Aim of the exercise: Give back the data exactly, with no images.

Data shown:

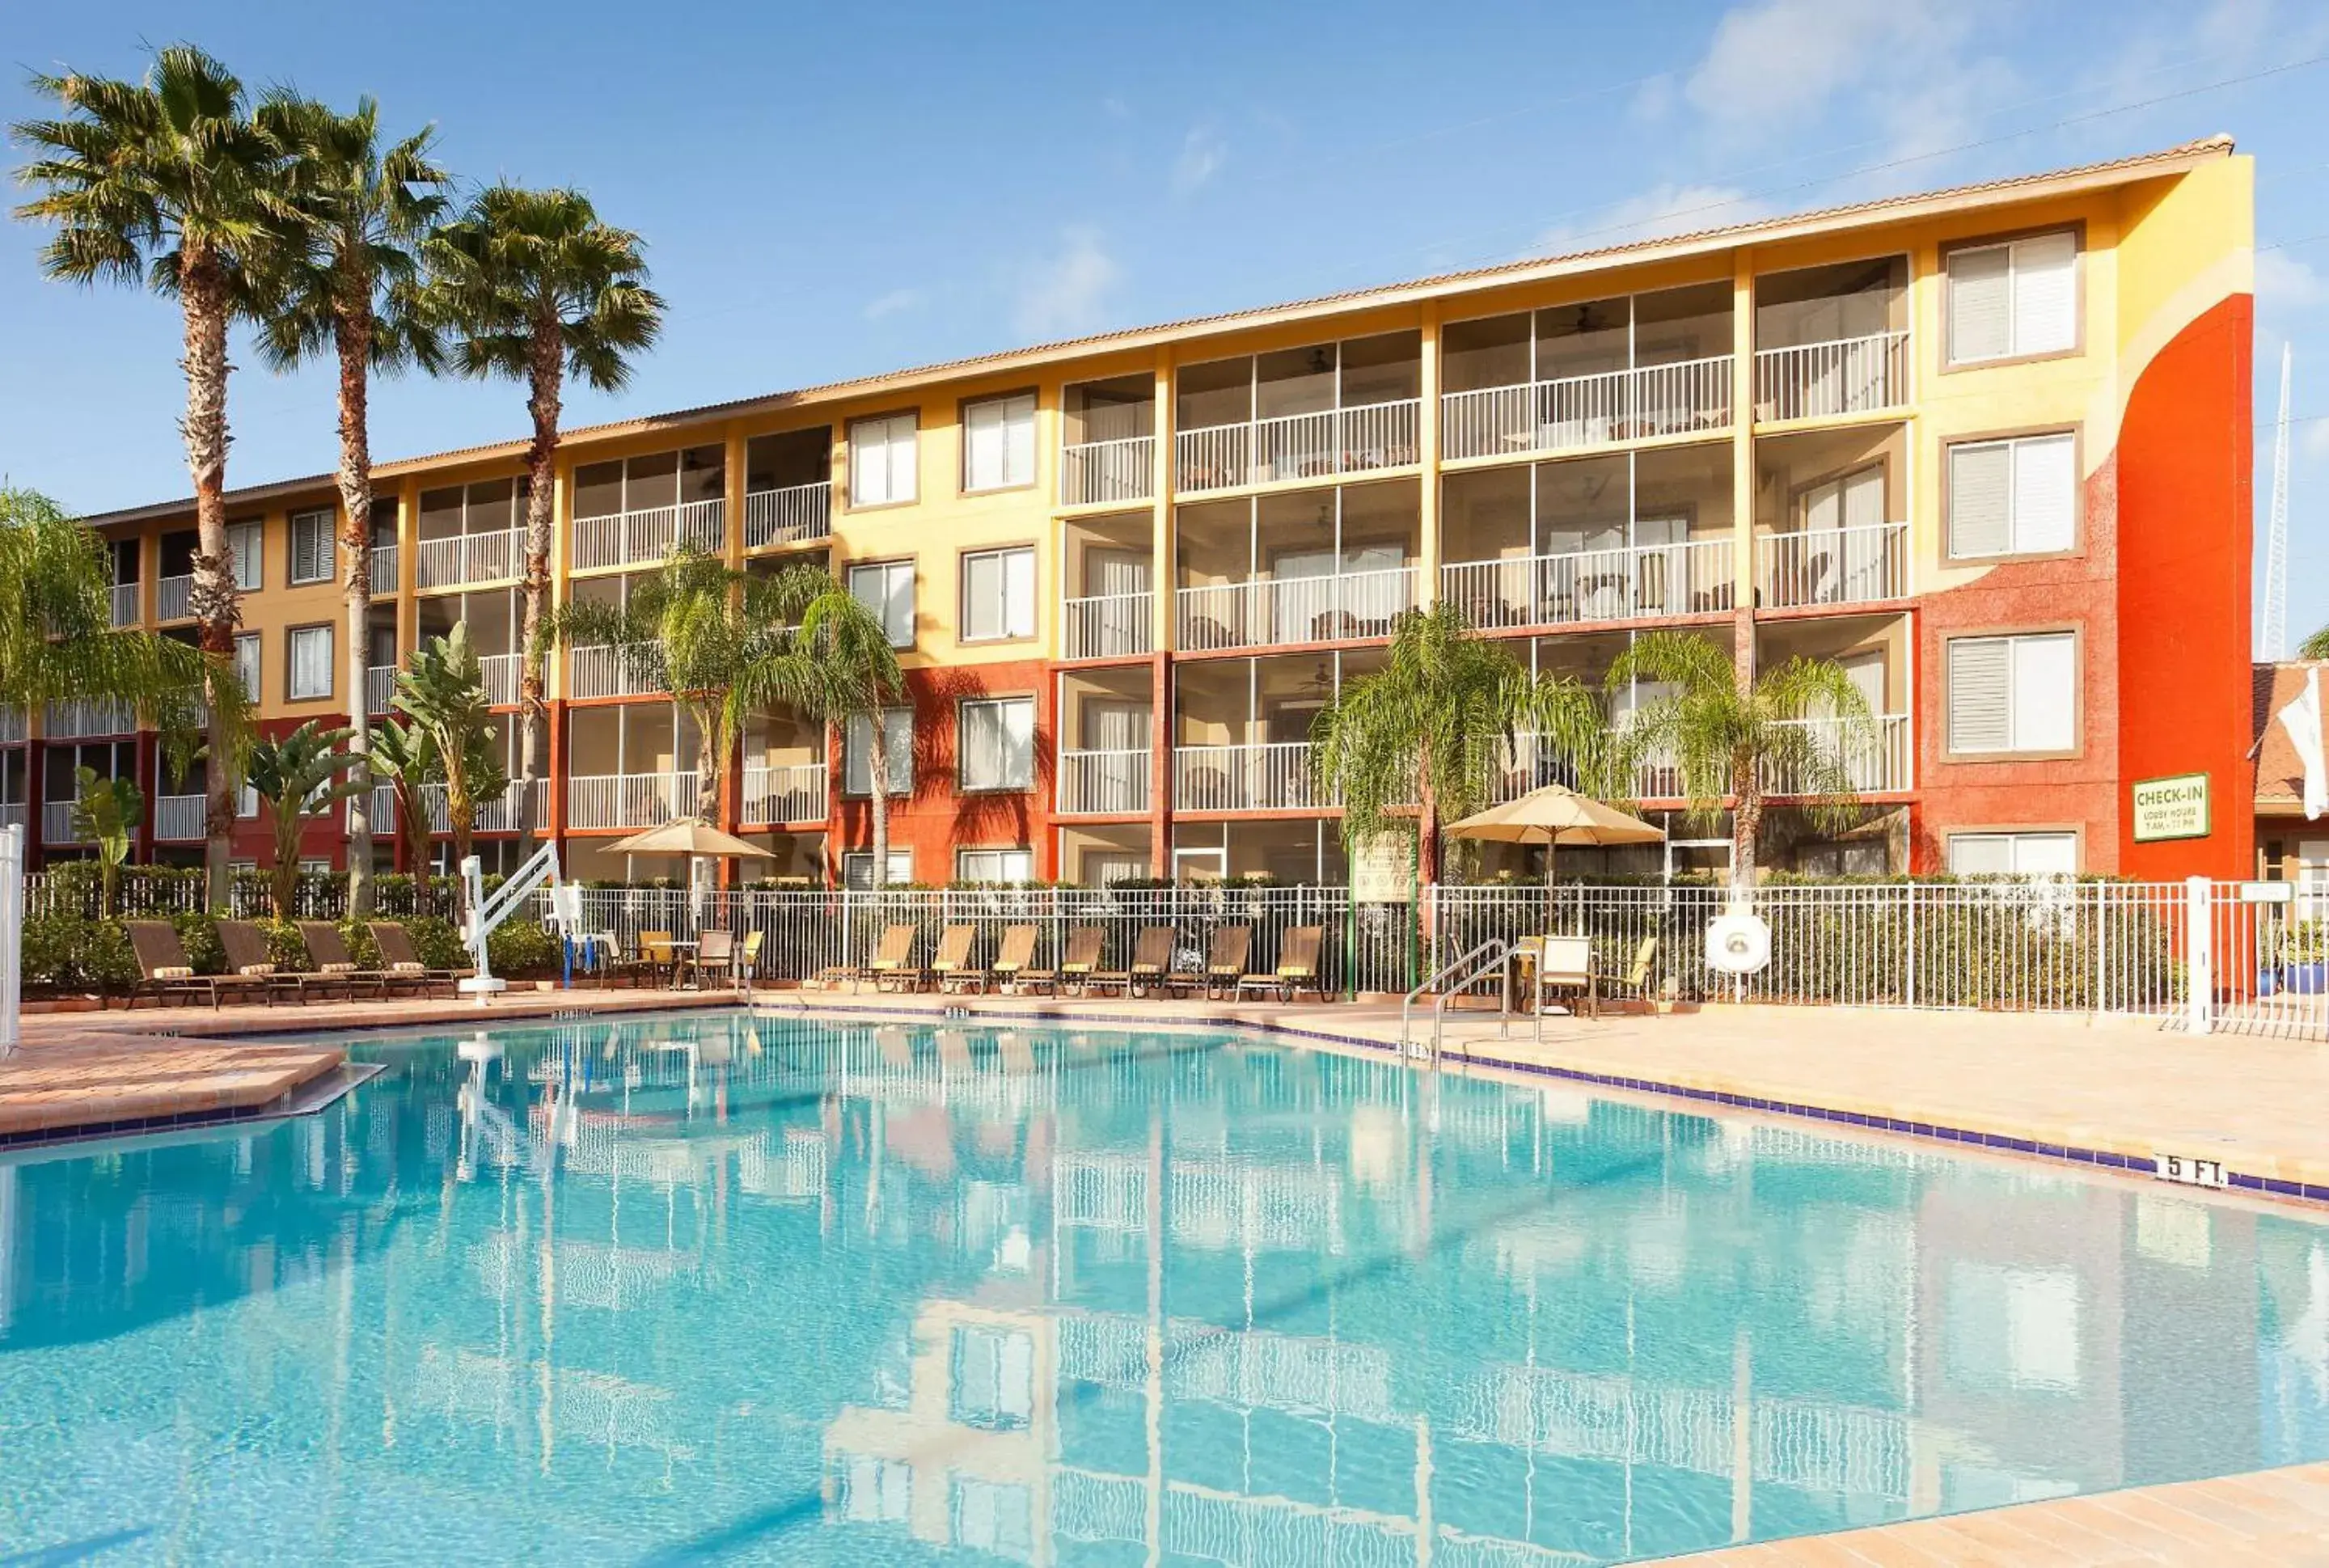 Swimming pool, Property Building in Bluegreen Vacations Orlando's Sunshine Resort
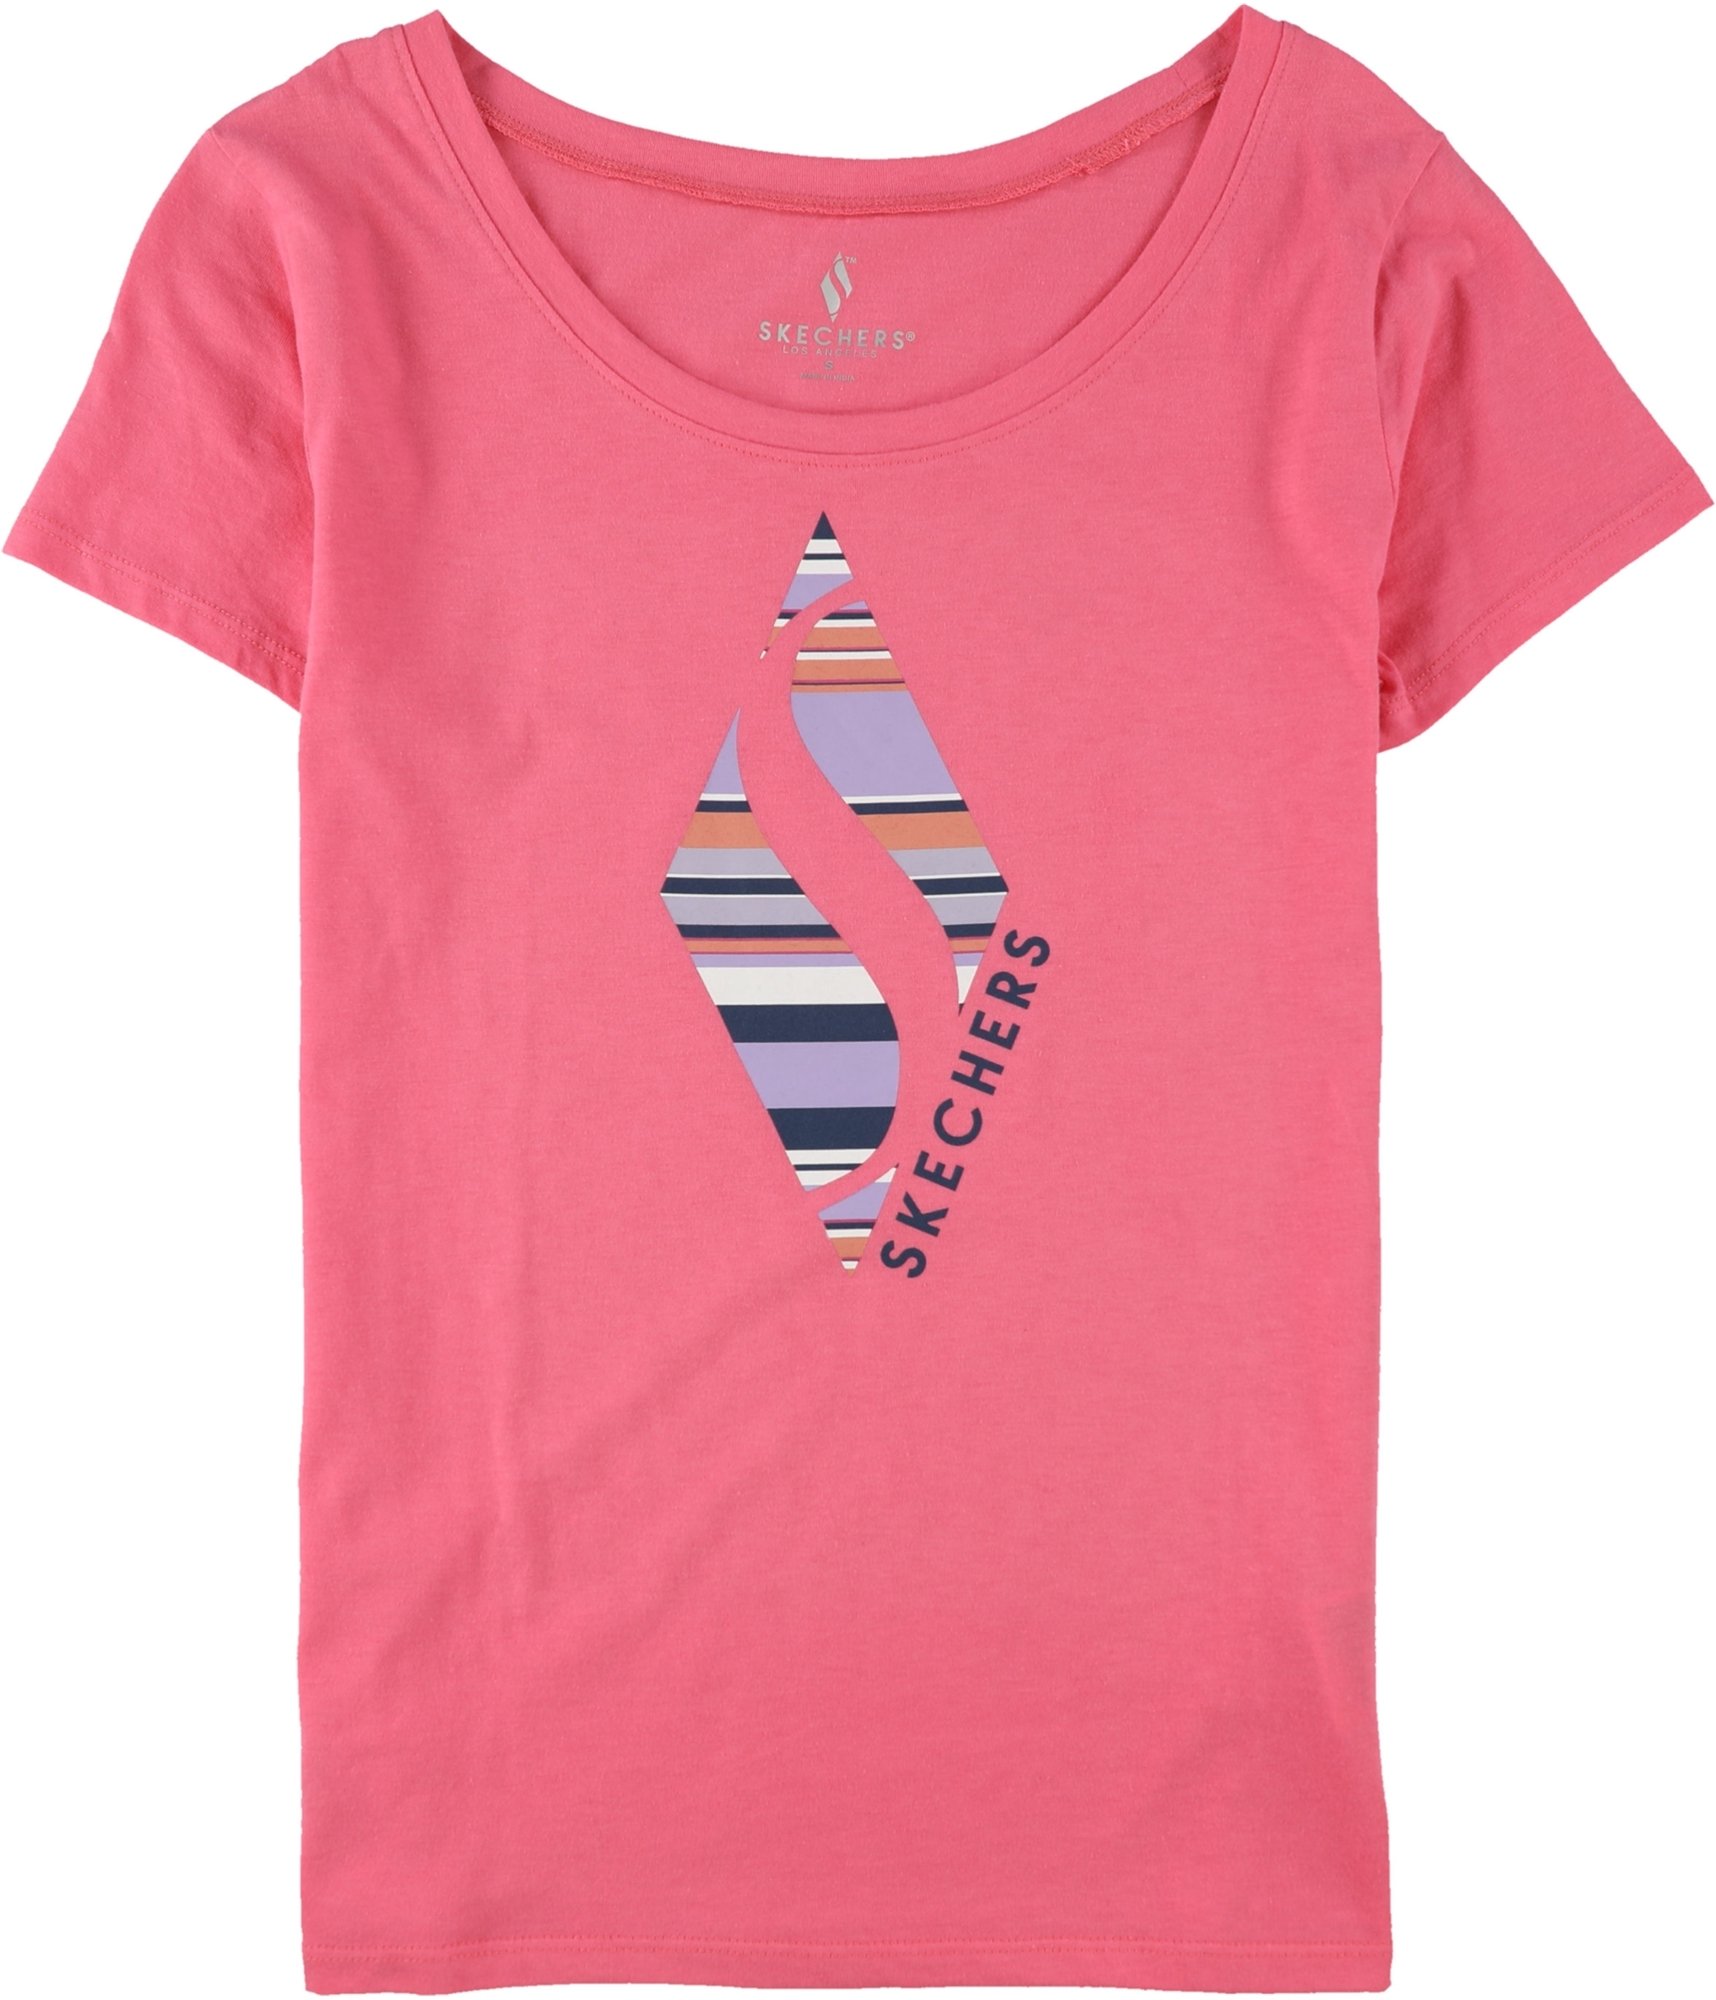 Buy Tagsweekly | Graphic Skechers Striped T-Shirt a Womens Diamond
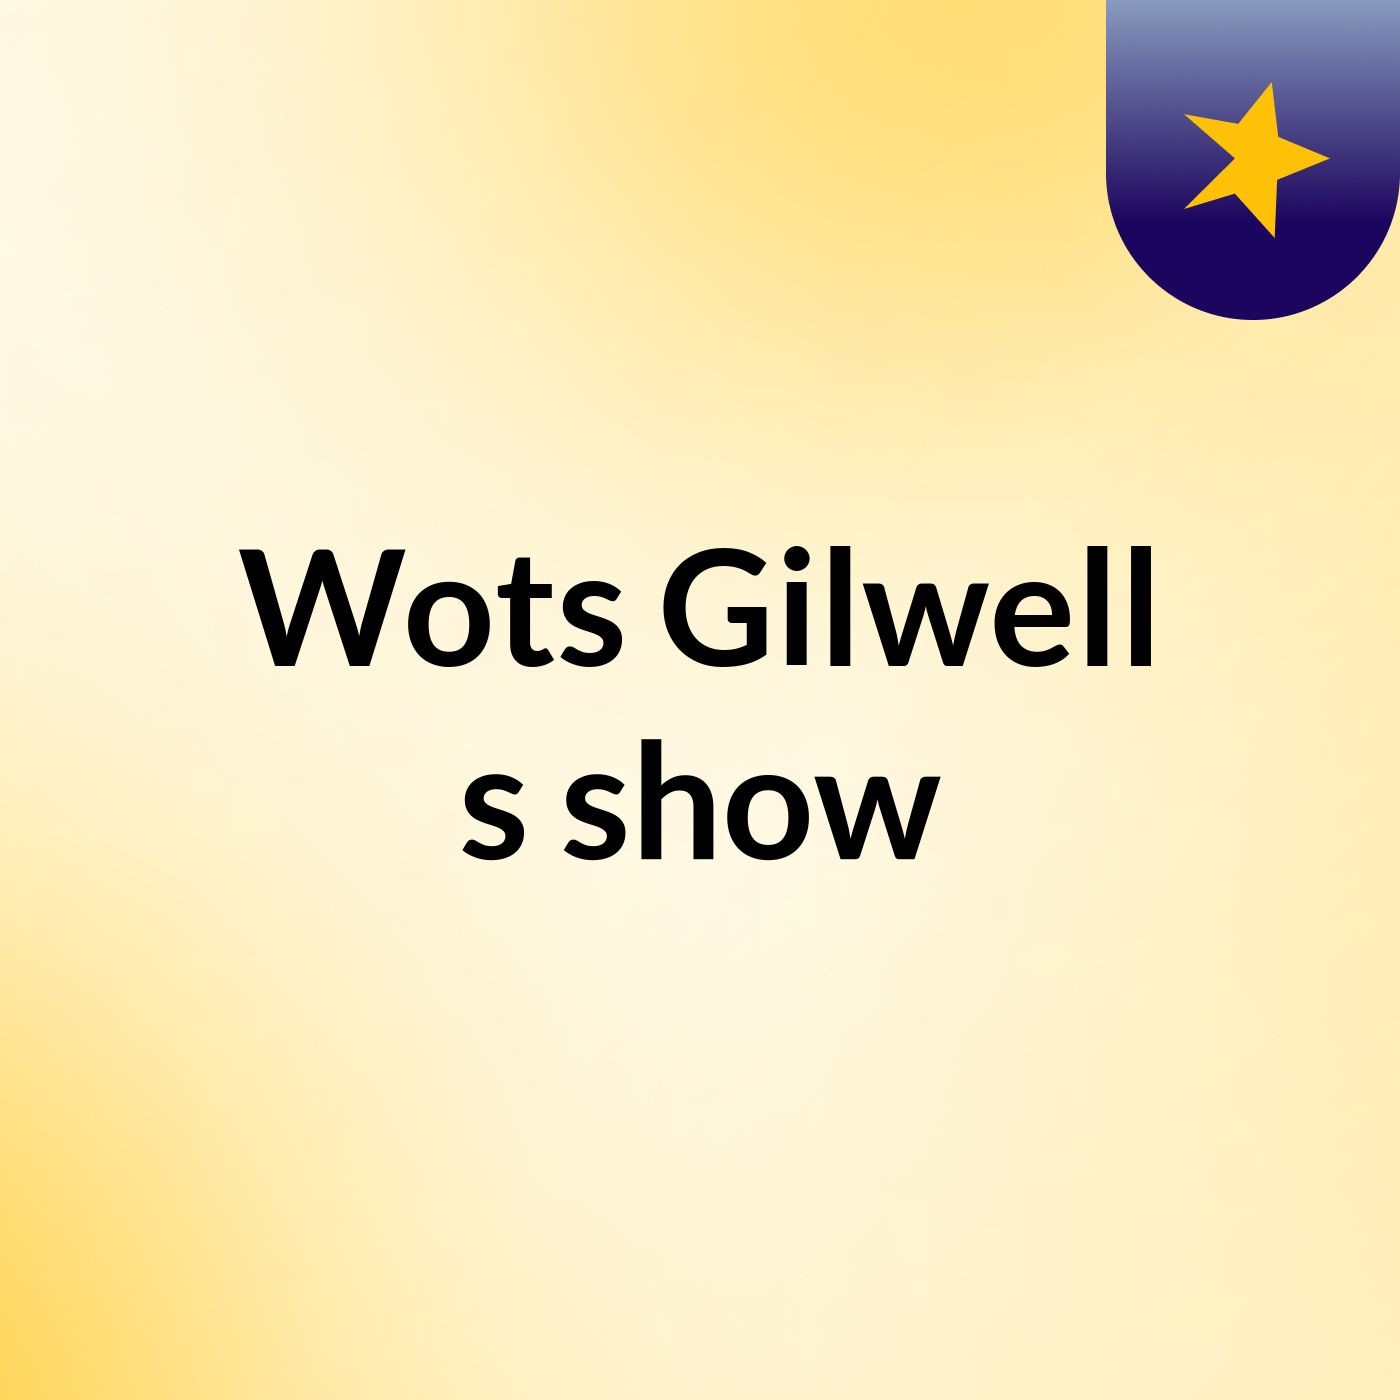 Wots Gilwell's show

Written response:
 Swimming pool, Property Building in Bluegreen Vacations Orlando's Sunshine Resort
 Buy Tagsweekly | Graphic Skechers Striped T-Shirt a Womens Diamond
 Wots Gilwell's show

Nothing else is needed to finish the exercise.